Modeling of orientational polarization within the framework of extended micropolar theory

Abstract

AbstractIn this paper the process of polarization of transversally polarizable matter is investigated based on concepts from micropolar theory. The process is modeled as a structural change of a dielectric material. On the microscale it is assumed that it consists of rigid dipoles subjected to an external electric field, which leads to a certain degree of ordering. The ordering is limited, because it is counteracted by thermal motion, which favors stochastic orientation of the dipoles. An extended balance equation for the microinertia tensor is used to model these effects. This balance contains a production term.

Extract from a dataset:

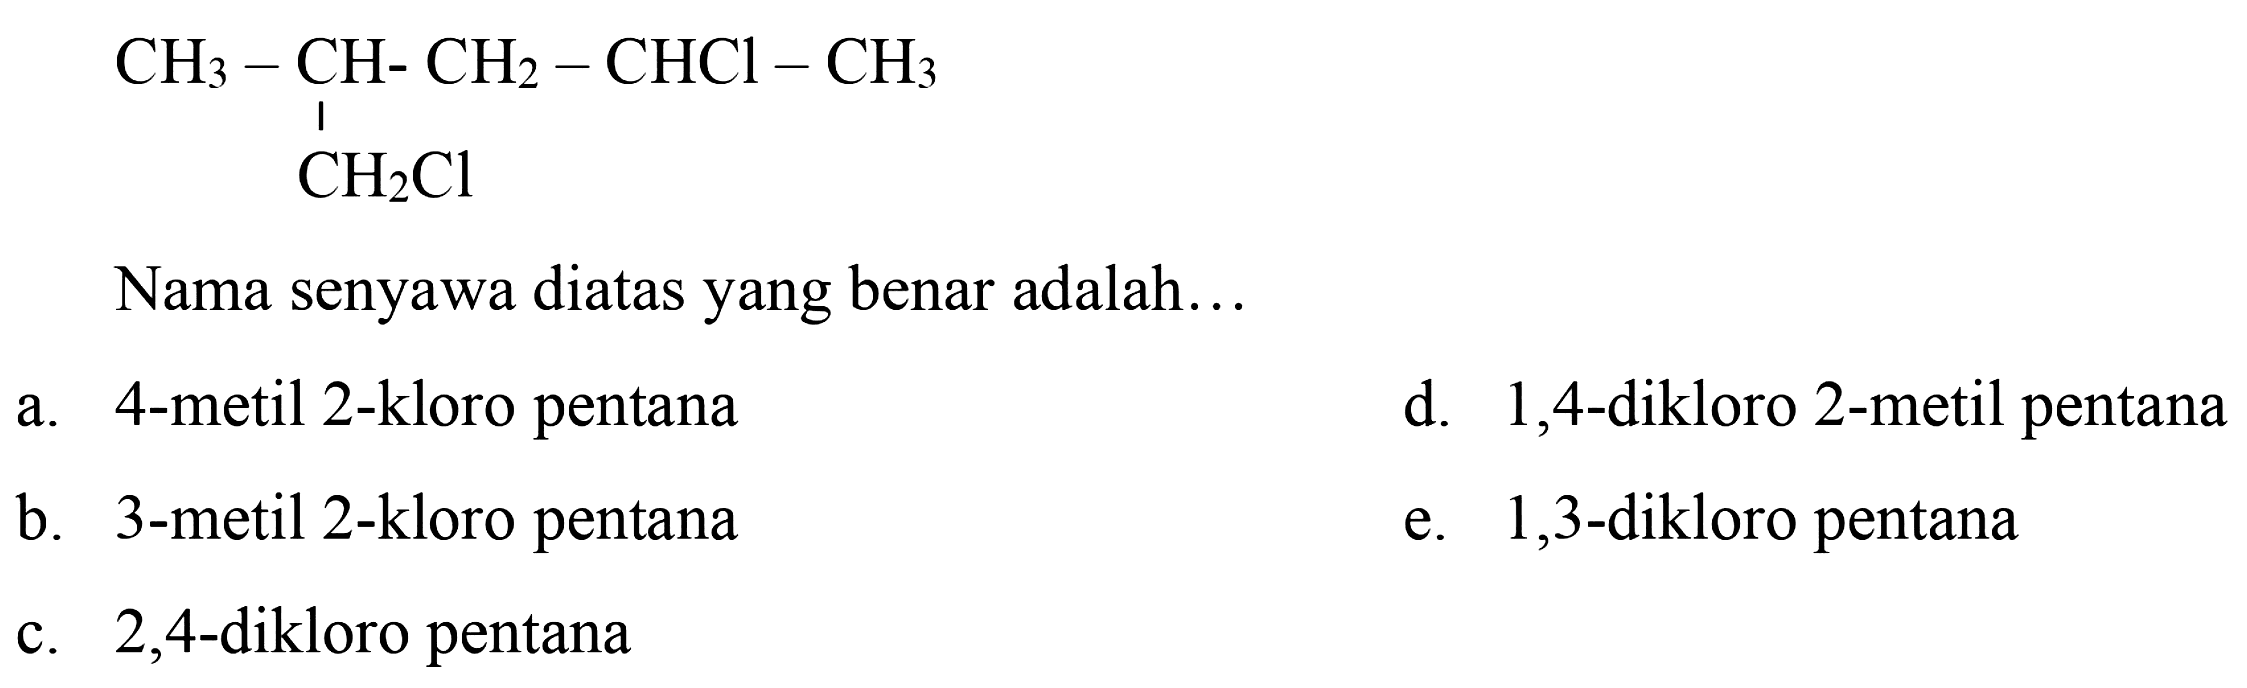 CH3-CH-CH2-CHCl-CH3 CH2Cl Nama senyawa diatas yang benar adalah ... a. 4-metil 2-kloro pentana b. 3-metil 2-kloro pentana c. 2,4-dikloro pentana d. 1,4-dikloro 2-metil pentana e. 1,3-dikloro pentana

The constitutive equations for this term are split into two parts, one , which accounts for the orienting effect of the applied external electric field, and another one, which is used to represent chaotic thermal motion. Two relaxation times are used to characterize the impact of each term on the temporal development. In addition homogenization techniques are applied in order to determine the final state of polarization. The traditional homogenization is based on calculating the average effective length of polarized dipoles. In a non-traditional approach the inertia tensor of the rigid rods is homogenized. Both methods lead to similar results. The final states of polarization are then compared with the transient simulation. By doing so it becomes possible to link the relaxation times to the finally observed state of order, which in terms of the finally obtained polarization is a measurable quantity.